P11 The question remains of what the Bank now seeks from this Court, when all the Bank's requests in the Petition have been fulfilled. In its supplemental briefing, the Bank now urges us to give an advisory opinion on the propriety of ex parte communications between a receiver and a judge.

P12 We fail to see how simply chiding a retired judge and former receiver for taking actions that no longer have any bearing on this case will provide effective relief for the Bank. The judge and receiver objected to by the Bank are no longer involved in the case, and the rehabilitation is successfully moving forward. The Bank has failed to prove that the pre-Petition ex parte communications or orders that resulted from these communications have any bearing on the current posture of the Bank of Saipan litigation or rehabilitation. Therefore, any decision issued by this Court on the matter would be completely abstract and not rooted in knowledge of the actual effect that such communications and orders have on the receivership as it now stands. It is consequently impossible for the Court to craft a remedy here when there is no specific harm which the Bank is currently suffering.

P13 The present situation meets the first prong of the "capable of repetition yet evading review" test outlined in In re Seman, namely, that the litigation affects the public interest. However, the Bank has not shown that the second prong of the test is met. That is, the Bank has pointed to no reason why similar issues arising in the future would likewise become moot before the Court can make a determination. If these issues arise again, it is not likely that the Court will be prevented from addressing the issues on the basis of mootness. The only reason mootness prevents our consideration in the present situation is because the parties voluntarily stayed the proceedings for nine months, during which time, wholesale changes in every aspect of the case relevant to this Petition took place, including the installation of a new judge; a new receiver, and new procedures for communication between the judge and the receiver. There is nothing inherent in the issues presented that makes it likely that the issues will become moot before we are able to consider them. The stay and subsequent change in circumstances that occurred in this case is unique to the present case only. If these issues arise in the future, we can consider them at that time and make a determination that has an actual effect on the parties. Therefore, the "capable of repetition yet evading review" exception does not apply here.

P14 We will now turn to the second issue, whether the Bank has shown that is entitled to the extraordinary remedy of writ of mandamus at this juncture. We hold that the Bank has not made such a showing.

P15 The purpose of a writ is to confine an inferior court to a lawful exercise of its prescribed jurisdiction or to compel it to exercise its authority when it is its duty to do so. Tenorio v. Superior Court, 1 N.M.I. 1, 7 (1989). The Tenorio case lists five guidelines for granting a writ, namely that: (1) petitioner has no other adequate means, such as direct appeal, to attain the relief desired, (2) the petitioner will be damaged or prejudiced in a way not correctable on appeal, (3) the lower court's order is clearly erroneous as a matter of law, (4) the lower court's order is an oft-repeated error, or manifests a persistent disregard of applicable rules, and (5) the lower court's order raises new and important problems, or issues of law of first impression. Id. at 9 (citing Bauman v. United States District Court, 557 F.2d 650, 654-55 (9th Cir. 1977) and cases cited therein).

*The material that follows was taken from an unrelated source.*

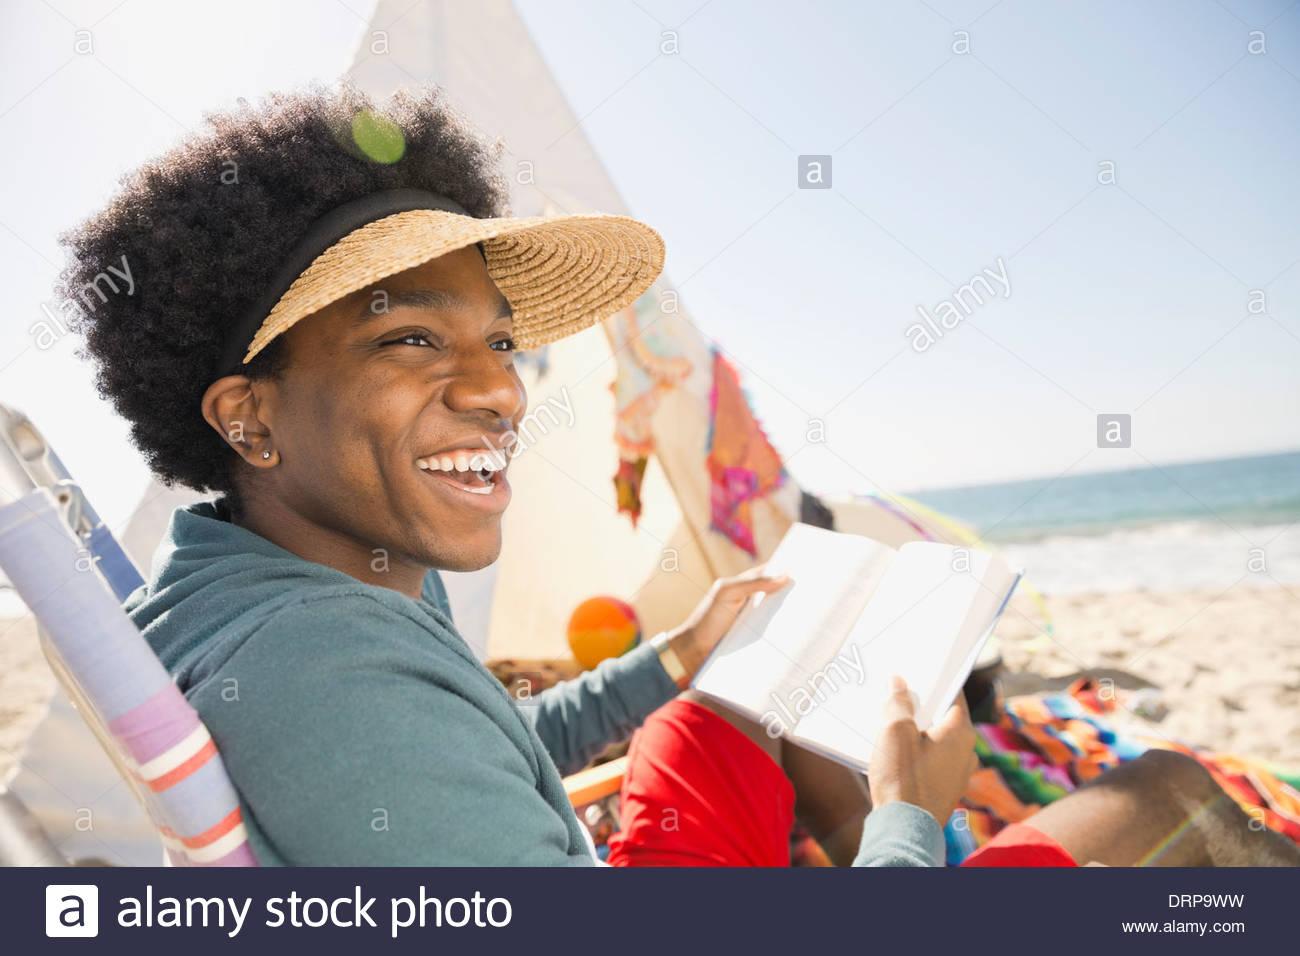 Cheerful man reading book on beach - Stock Image

P16 Here, the trial court is not exceeding its jurisdiction or failing to exercise its prescribed jurisdiction, which compels us to deny the writ. The trial court is currently conducting itself in a manner to which the Bank does not object. Therefore, the Bank has failed to prove that the court is exceeding its jurisdiction here. Moreover, the Bank completely fails to prove the first two guidelines listed above. With regard to the first guideline, the Bank is not requesting substantive relief from any order so much as it is asking us to abstractly declare something improper. As to the second guideline, there is no prejudice or damage being suffered by the Bank. We reiterate that all parties involved are satisfied with the progress of the rehabilitation. Thus, denial of this Petition is unique to the present case only. If these issues arise in the future, we can consider them at that time and make a determination that has an actual effect on the parties. The "capable of repetition yet evading review" exception does not apply here.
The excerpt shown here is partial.